Production and validation of a good manufacturing practice grade human fibroblast line for supporting human embryonic stem cell derivation and culture

Abstract

Introduction: The development of reproducible methods for deriving human embryonic stem cell (hESC) lines in compliance with good manufacturing practice (GMP) is essential for the development of hESC-based therapies. Although significant progress has been made toward the development of chemically defined conditions for the maintenance and differentiation of hESCs, efficient derivation of new hESCs requires the use of fibroblast feeder cells. However, GMP-grade feeder cell lines validated for hESC derivation are not readily available.

Methods: We derived a fibroblast cell line (NclFed1A) from human foreskin in compliance with GMP standards. Consent was obtained to use the cells for the production of hESCs and to generate induced pluripotent stem cells (iPSCs). We compared the line with a variety of other cell lines for its ability to support derivation and self-renewal of hESCs.

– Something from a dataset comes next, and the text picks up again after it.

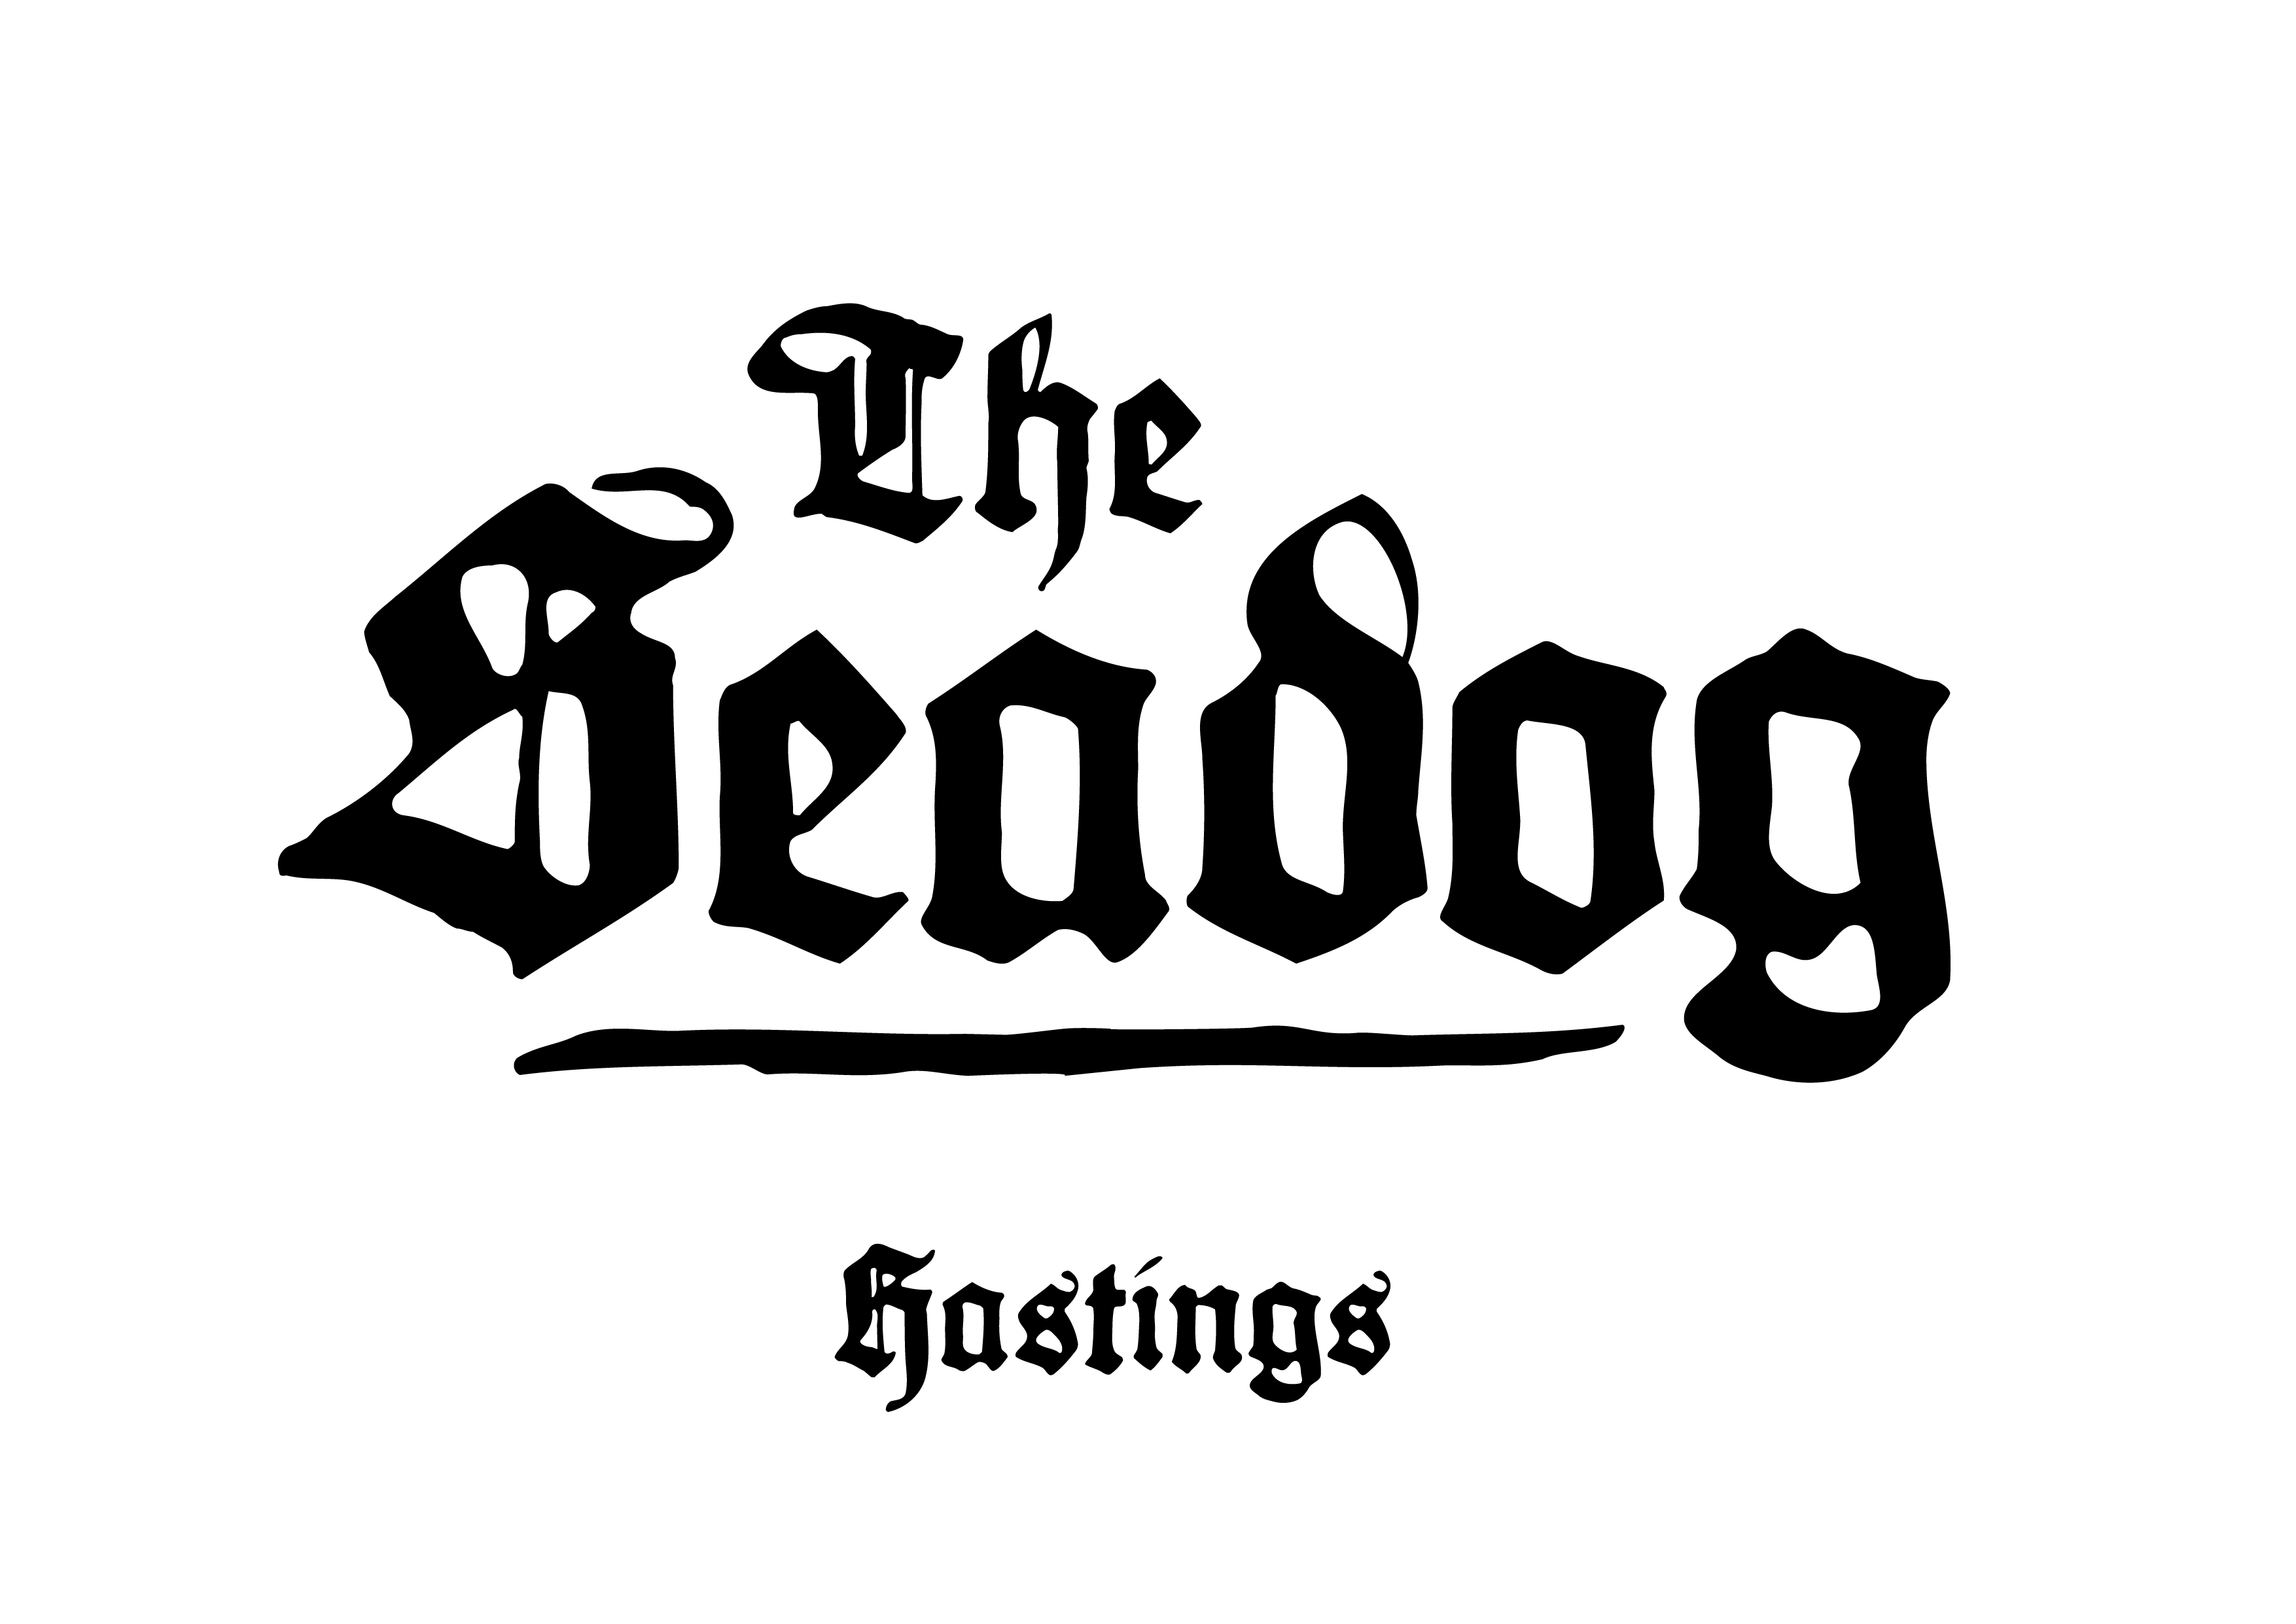 logo for The Seadog

Results: NclFed1A supports efficient rates (33%) of hESC colony formation after explantation of the inner cell mass (ICM) of human blastocysts. This compared favorably with two mouse embryonic fibroblast (MEF) cell lines. NclFed1A also compared favorably with commercially available foreskin fibroblasts and MEFs in promoting proliferation and pluripotency of a number of existing and widely used hESCs. The ability of NclFed1A to maintain self-renewal remained undiminished for up to 28 population doublings from the master cell bank.

Conclusions: The human fibroblast line Ncl1Fed1A, produced in compliance with GMP standards and qualified for derivation and maintenance of hESCs, is a useful resource for the advancement of progress toward hESC-based therapies in regenerative medicine.

Figure 1

Derivation of the clinical grade fibroblast line NclFed1A. (a) A detailed description of the Quality Management System (QMS) required for processing cells to good manufacturing practice (GMP; passaging of NclFed1A). (b) Schematic showing the general processes involved in deriving a fibroblast cell line under the control of GMP. "Upstream" includes all processes that are in place before the derivation and expansion of the fibroblast line. "Downstream" refers to biosafety and functionality testing of the line.

Figure 2

Characterization of NclFed1A as fibroblasts. (a) NclFed1A has a normal fibroblast morphology. (b) Cells were positive for HFF-Cellect, a mouse monoclonal antibody derived from mice immunized with human foreskin fibroblasts (scale bar, 50 μm). (c) Cells were positive for the fibroblast marker 5B5 required for triple-helix formation in collagen (scale bar, 50 μm). (d-f) Histograms from flow cytometry showing the proportion of cells positive for (d) CD90, (e) CD166, and (f) CD44. (g) NclFed1A had a normal male karyotype. (h) The doubling time of NclFed1A was 26.7 hours; no significant difference was found between PD0, PSB, MCB, and 10 (PD10) and 28 (PD28) cell doublings from the MCB.

Figure 3

NclFed1A supports human embryonic stem cell (hESC) derivation and culture. (a) The proportion of outgrowths and hESC lines produced by using NclFed1A and MEFS (derived from CF1 and C57Bl6 strains) as feeder cells. (b) hESCs cultured on NclFed1A for 24 passages were positive for the pluripotency markers NANOG and OCT4 (scale bar, 100 μm). (c) A greater proportion of cells expressed Tra-1-60 when cultured on NclFed1A than on MRC-5 (P < 0.05); no significant difference was noted between the expression of pluripotency markers after culture on NclFed1A, iHDFn, and iMEF. (d) The expression of pluripotency markers was similar after culture on NclFed1A at PD8, PD18, and PD28; at PD38, fewer cells expressed Tra-1-81 and SSEA4 (P < 0.05). (e) hESCs cultured on NclFed1A at P15 had normal hESC morphology. (f) hESCs cultured on NclFed1A at PD38 showed signs of differentiation (arrows).

Figure 4

High-performance liquid chromatography (HPLC) analysis showing the concentration of Neu5Gc in cells cultured in xeno-free human embryonic stem cell (hESC) medium (KOSR-XF) and xeno-containing medium (KOSR). (a) The concentration of Neu5Gc in inactivated and noninactivated NclFed1A cells cultured in KOSR-XF and KOSR medium for 2 to 6 days. (b, c) The HPLC trace of Neu5Gc concentration in noninactivated NclFed1A cultured for 6 days in (b) KOSR and (c) KOSR-XF.